A formal Record of Decision, which will designate a site, will be published on Jan. 12.

Bert Brantley, a spokesman for the governor, repeated Perdue’s sentiments Saturday.

“The governor wanted to let people know our proposal was strong,” Brantley said. “There was nothing in it that didn’t match up or didn’t put us in consideration. But at the end of the day, they wanted it to be somewhere where it would be almost universally welcomed.”

Thrasher called the governor’s statement misleading.

“One of the reasons Athens was turned down,” he said, “is because the state failed to offer the kind of incentives that Kansas did.”

The Homeland Security Department’s choice also beat out competition from Mississippi, North Carolina and Texas.

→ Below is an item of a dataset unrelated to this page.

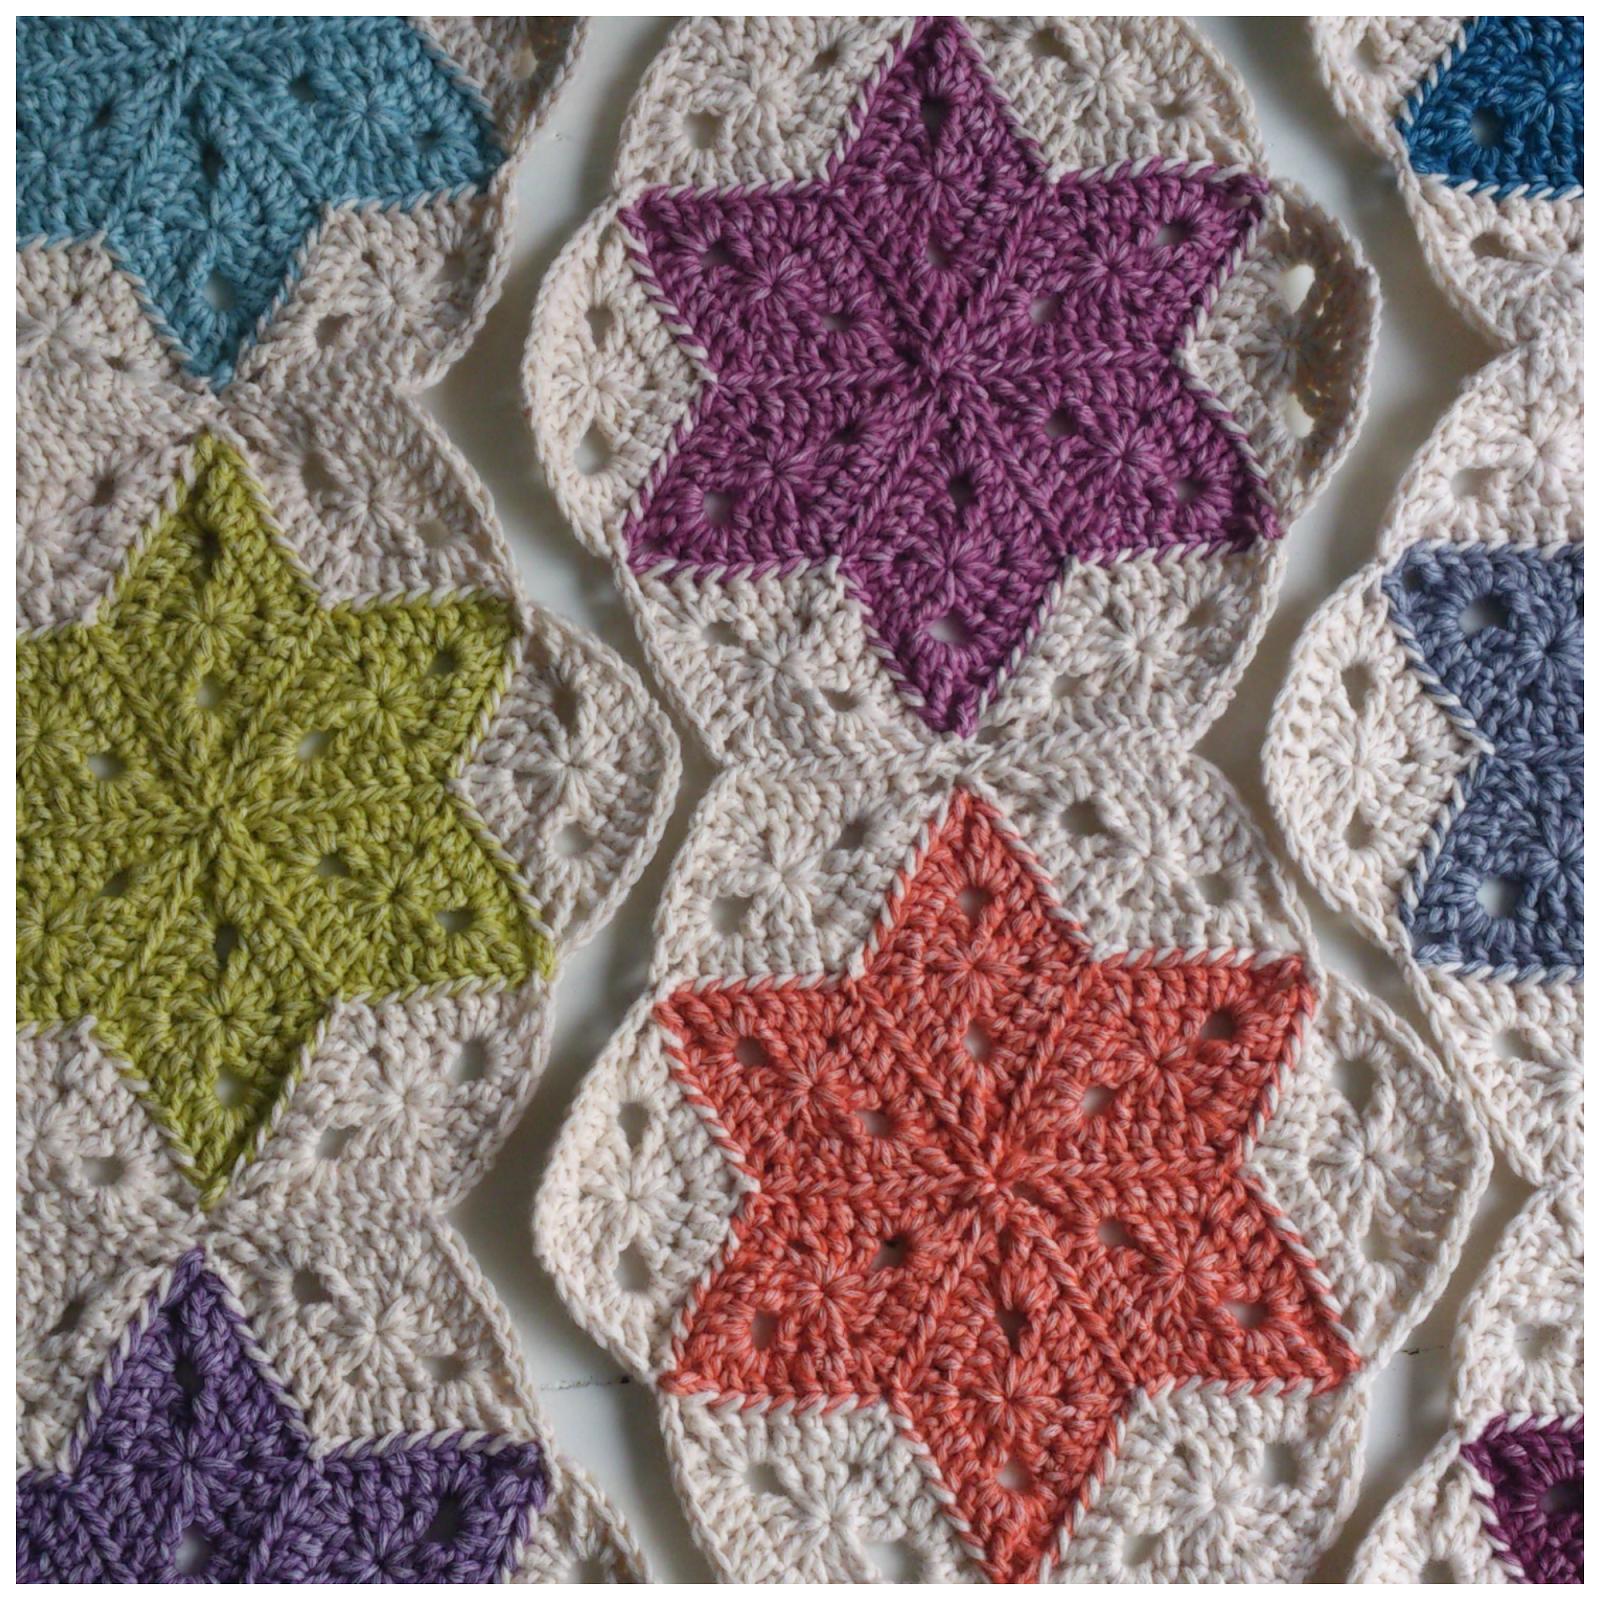 Star Blanket | Crochet Afghans, Blankets, Throws, Lapghans ...

A draft of Homeland Security’s “Preferred Alternative Selection Memorandum,” obtained by the Associated Press earlier this week, stated the Kansas site was chosen based on its proximity to existing biohazard research, strong community acceptance and a generous package of incentives offered by the state. Those incentives, matched by Texas and Mississippi interests, totaled $100 million. Georgia offered $25 million in incentives.

Thrasher and Prescott said that while the governor’s statement blamed a “small activist minority,” their group represented the sentiment of a large portion of the Athens area community, probably a good majority. While political and University of Georgia leaders as well as financially interested backers spoke out for NBAF, they said, few if any, ordinary citizens did. However, hundreds wrote letters to DHS objecting to NBAF, and copies are with the final Environmental Impact Statement published Friday.

“We’re happy and proud that NBAF is not coming here,” Thrasher said. “And we’re glad we had some effect on the decision, but I don’t think the governor can avoid his failure from a standpoint of those who were in favor of NBAF.”

Prescott agreed.

“I don’t think [the governor] wants people to believe that one of the reasons that Georgia lost was because he didn’t pony up enough money.